Calls either forward_train or forward_test depending on whether return_loss=True.

Note this setting will change the expected inputs. When return_loss=True, img and img_meta are single-nested (i.e. Tensor and List[dict]), and when resturn_loss=False, img and img_meta should be double nested (i.e. List[Tensor], List[List[dict]]), with the outer list indicating test time augmentations.

forward_test(imgs, **kwargs)[source]
Parameters

imgs (List[Tensor]) – the outer list indicates test-time augmentations and inner Tensor should have a shape NxCxHxW, which contains all images in the batch.

abstract forward_train(imgs, **kwargs)[source]
Parameters
  • img (list[Tensor]) – List of tensors of shape (1, C, H, W). Typically these should be mean centered and std scaled.

  • kwargs (keyword arguments) – Specific to concrete implementation.

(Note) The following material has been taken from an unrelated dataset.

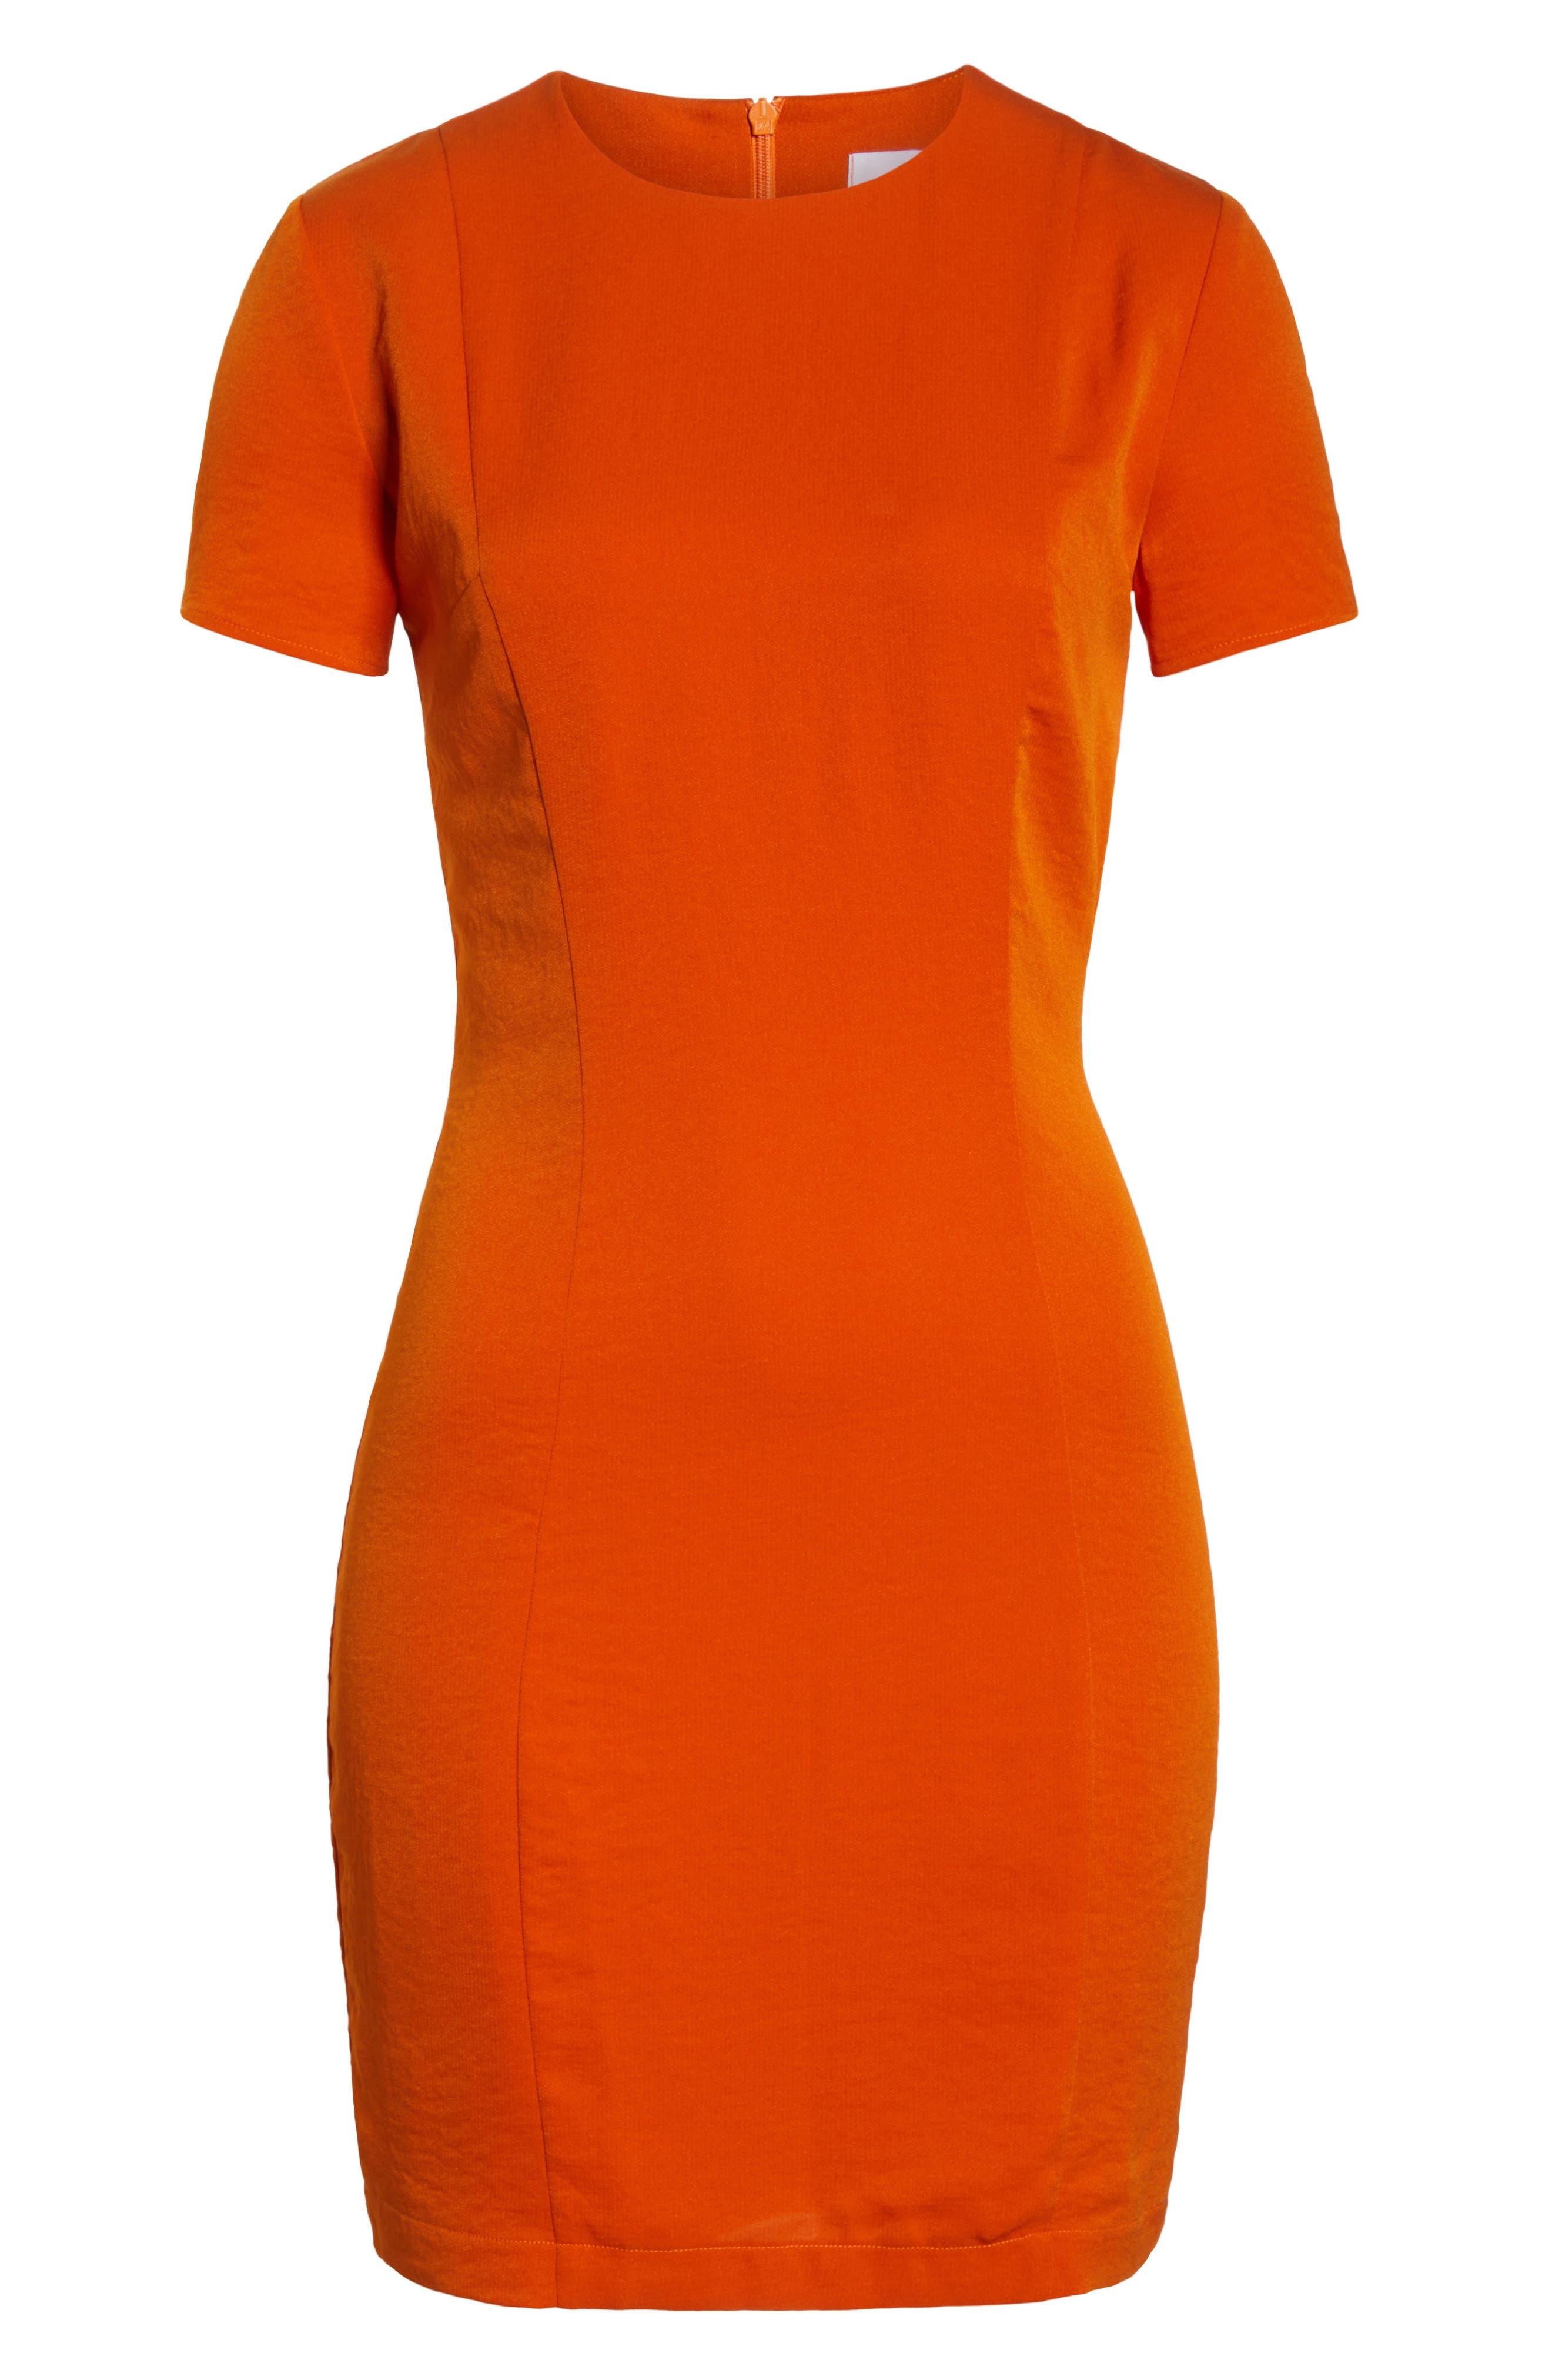 Sofia Short Sleeve Sheath Dress,                             Alternate thumbnail 7, color,                             ORANGE

show_result(img, result, text_color='white', font_scale=0.5, row_width=20, show=False, fig_size=(15, 10), win_name='', wait_time=0, out_file=None)[source]

Draw result over img.

Parameters
  • img (str or ndarray) – The image to be displayed.

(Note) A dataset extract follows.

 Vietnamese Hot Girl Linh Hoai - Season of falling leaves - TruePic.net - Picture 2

  • result (dict) – The classification results to draw over img.

  • text_color (str or tuple or Color) – Color of texts.

  • font_scale (float) – Font scales of texts.

  • row_width (int) – width between each row of results on the image.

  • show (bool) – Whether to show the image. Default: False.

  • fig_size (tuple) – Image show figure size. Defaults to (15, 10).

  • win_name (str) – The window name.

  • wait_time (int) – How many seconds to display the image. Defaults to 0.

  • out_file (str or None) – The filename to write the image. Default: None.

Returns

Image with overlaid results.

Return type

img (ndarray)

train_step(data, optimizer=None, **kwargs)[source]

The iteration step during training.

This method defines an iteration step during training, except for the back propagation and optimizer updating, which are done in an optimizer hook. Note that in some complicated cases or models, the whole process including back propagation and optimizer updating are also defined in this method, such as GAN.

Parameters
  • data (dict) – The output of dataloader.

  • optimizer (torch.optim.Optimizer | dict, optional) – The optimizer of runner is passed to train_step(). This argument is unused and reserved.

Returns

Dict of outputs. The following fields are contained.
  • loss (torch.Tensor): A tensor for back propagation, which can be a weighted sum of multiple losses.

  • log_vars (dict): Dict contains all the variables to be sent to the logger.

  • num_samples (int): Indicates the batch size (when the model is DDP, it means the batch size on each GPU), which is used for averaging the logs.

Return type

dict

val_step(data, optimizer=None, **kwargs)[source]

The iteration step during validation.

This method shares the same signature as train_step(), but used during val epochs. Note that the evaluation after training epochs is not implemented with this method, but an evaluation hook.

Parameters
  • data (dict) – The output of dataloader.

  • optimizer (torch.optim.Optimizer | dict, optional) – The optimizer of runner is passed to train_step(). This argument is unused and reserved.

Returns

Dict of outputs. The following fields are contained.
  • loss (torch.Tensor): A tensor for back propagation, which can be a weighted sum of multiple losses.

  • log_vars (dict): Dict contains all the variables to be sent to the logger.

  • num_samples (int): Indicates the batch size (when the model is DDP, it means the batch size on each GPU), which is used for averaging the logs.